→ **Directions for this task**: Everything in the listing below must be reproduced exactly, apart from its images.

→ **Data section**:
• • • • • • •
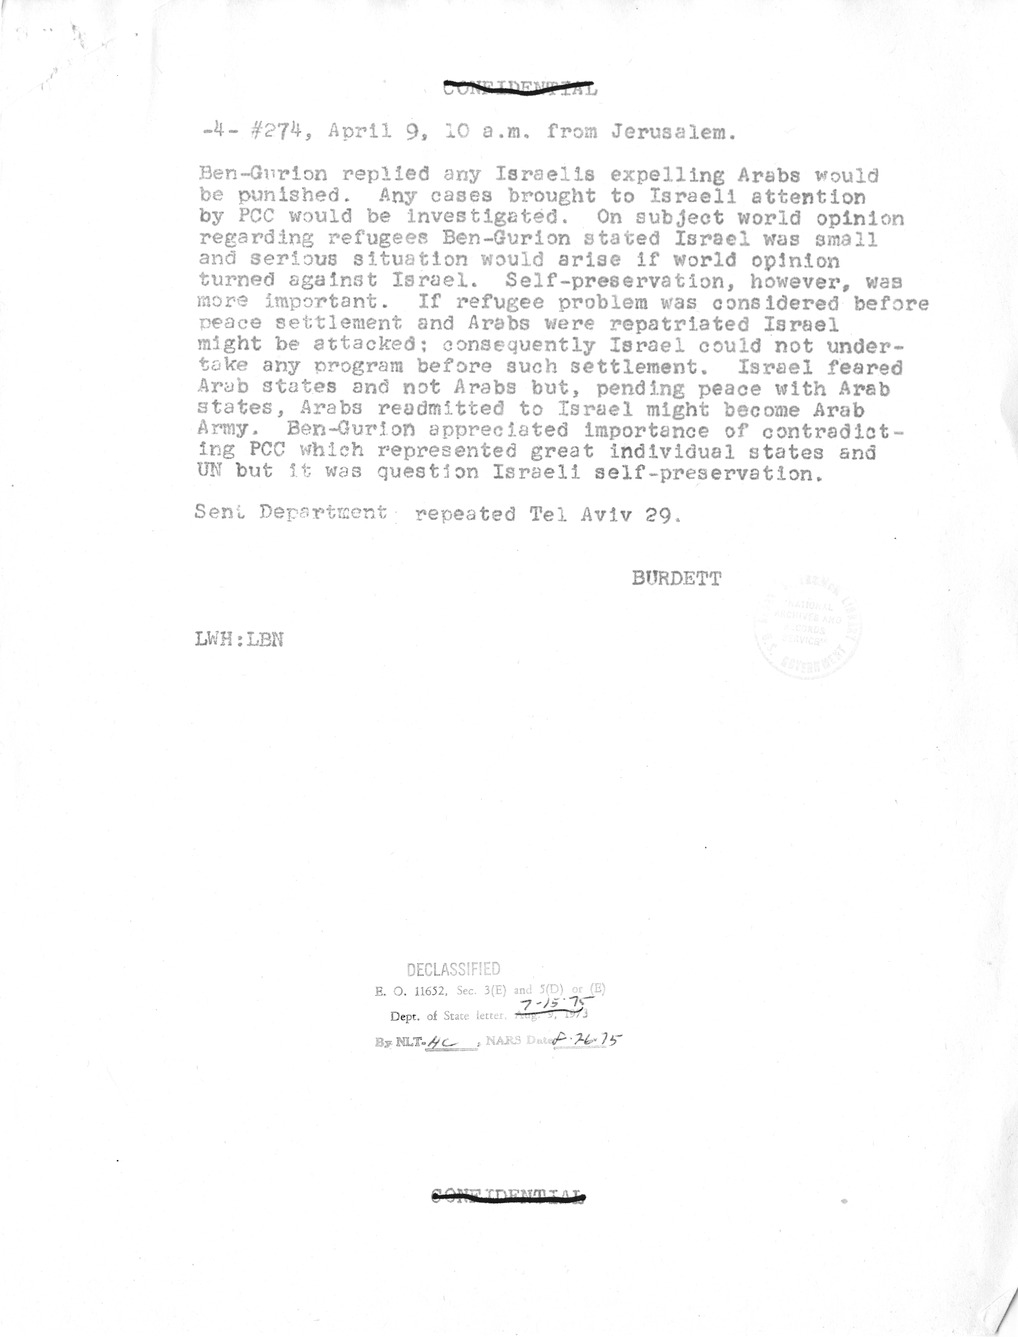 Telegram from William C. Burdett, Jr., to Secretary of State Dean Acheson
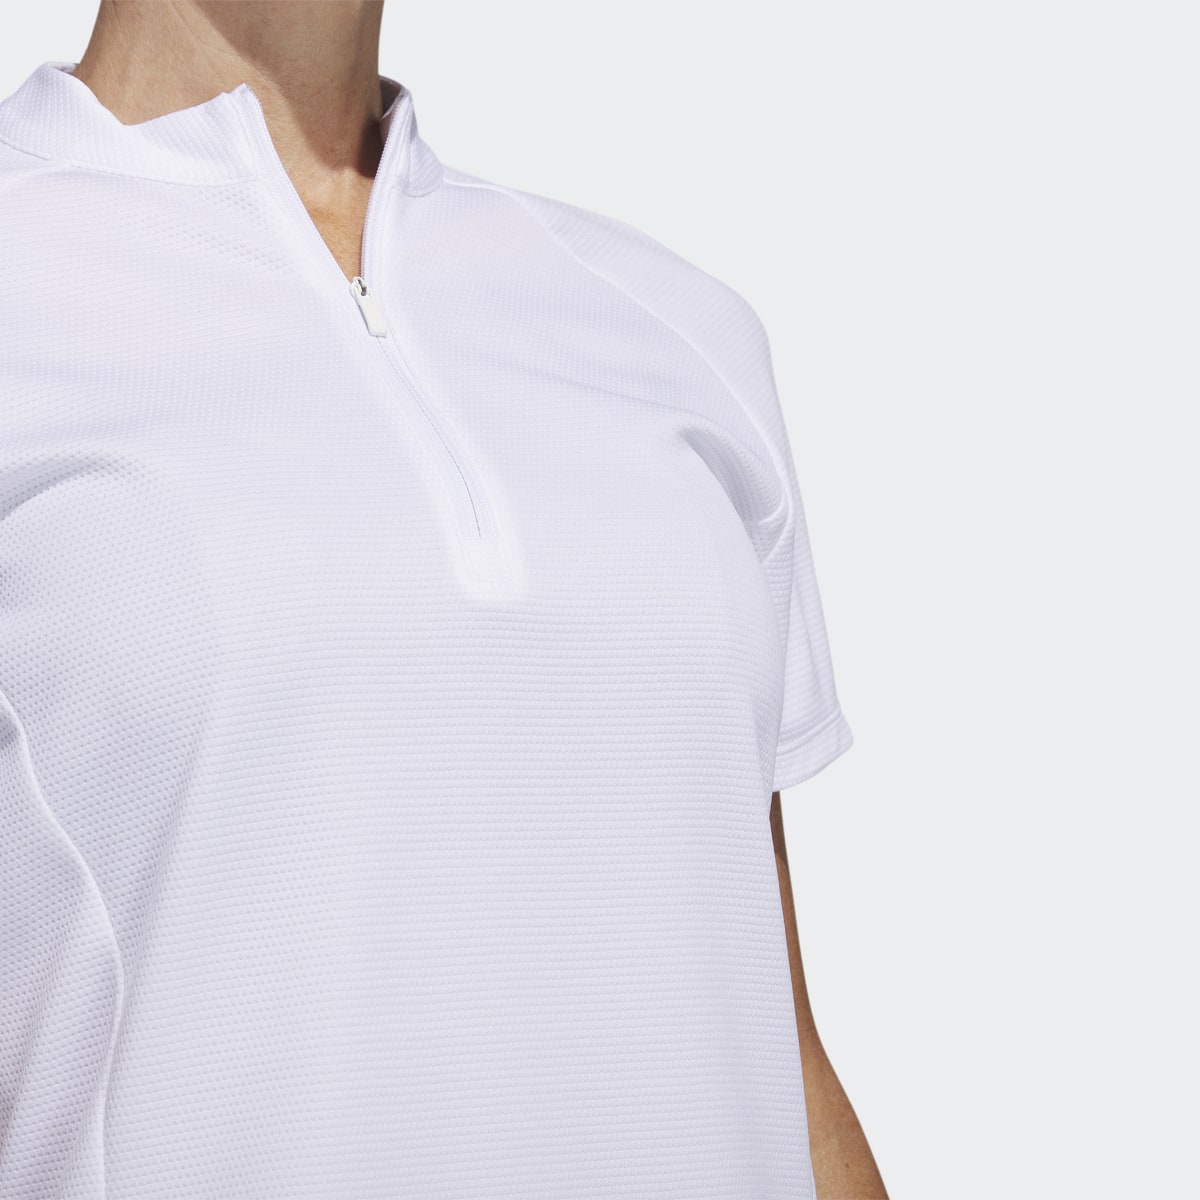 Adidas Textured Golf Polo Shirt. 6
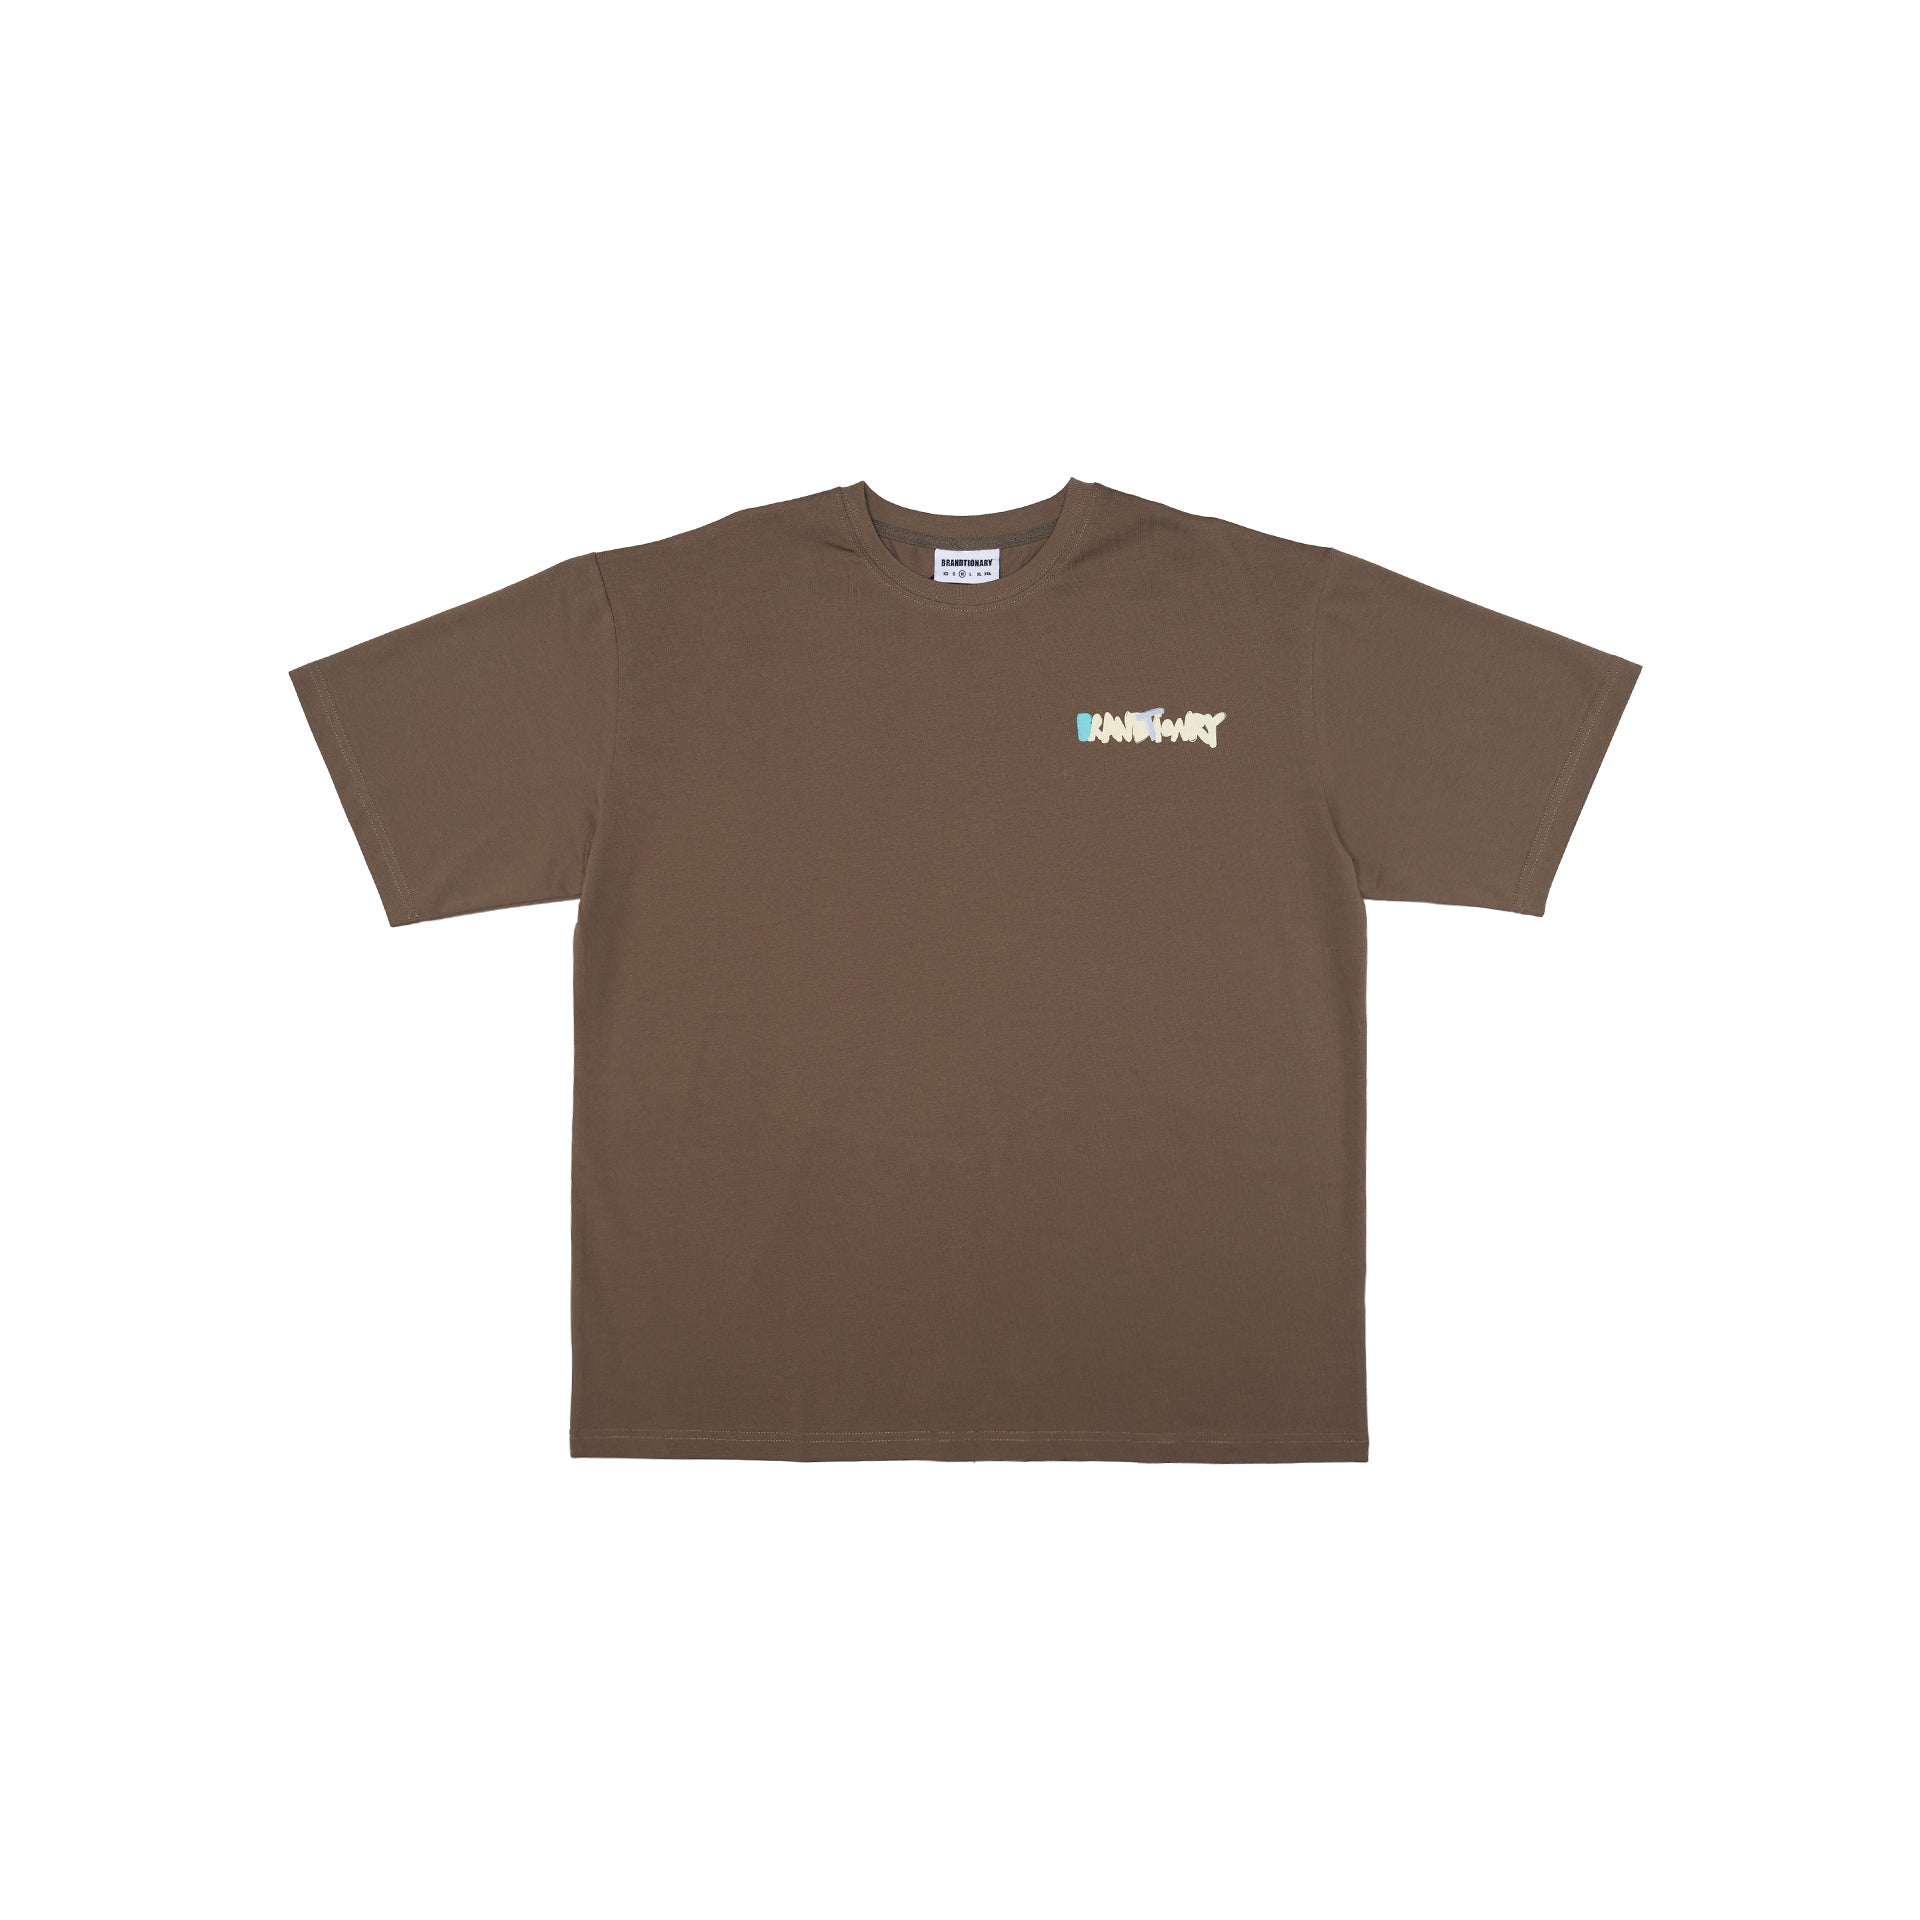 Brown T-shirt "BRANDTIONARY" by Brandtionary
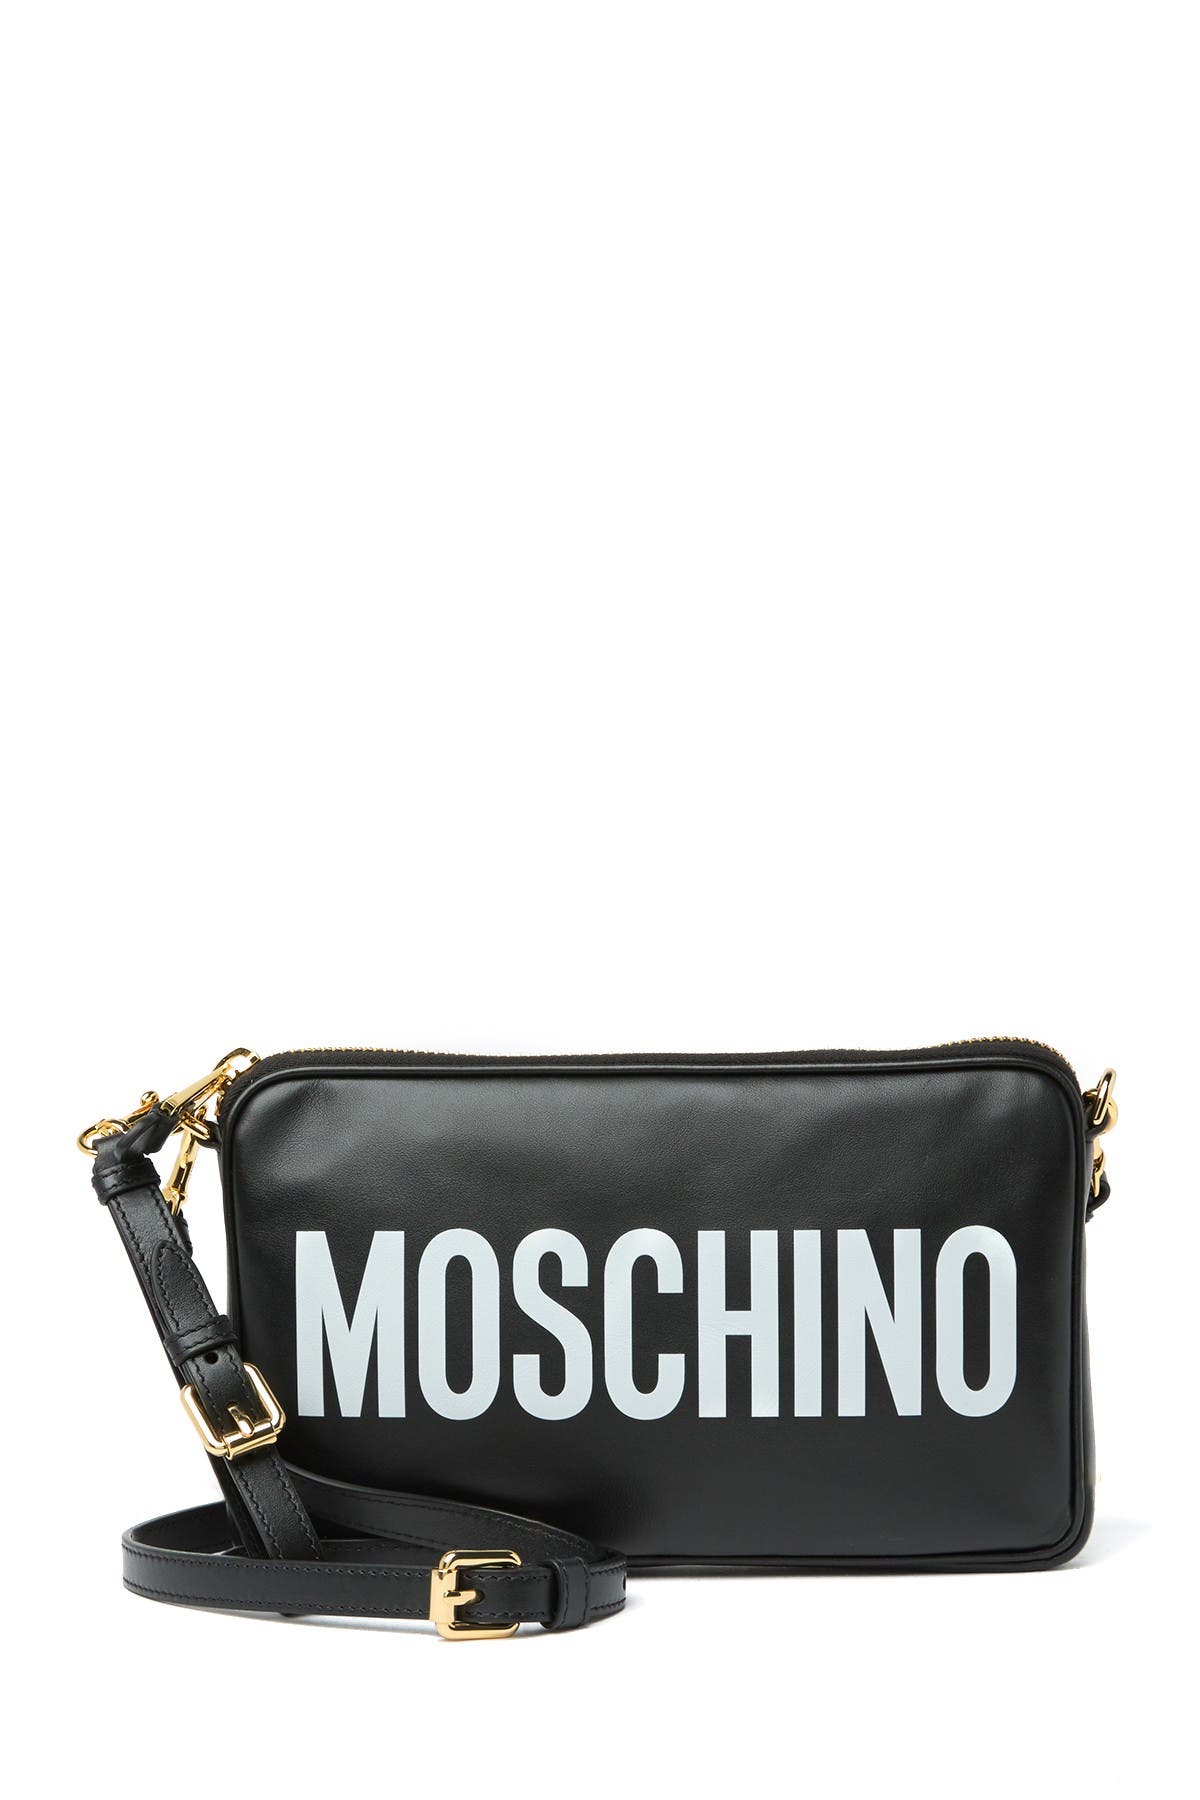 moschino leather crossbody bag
• • • • • • •
→ **Task answer**:
 Telegram from William C. Burdett, Jr., to Secretary of State Dean Acheson
 Adidas Textured Golf Polo Shirt. 6
 Brown T-shirt "BRANDTIONARY" by Brandtionary
 moschino leather crossbody bag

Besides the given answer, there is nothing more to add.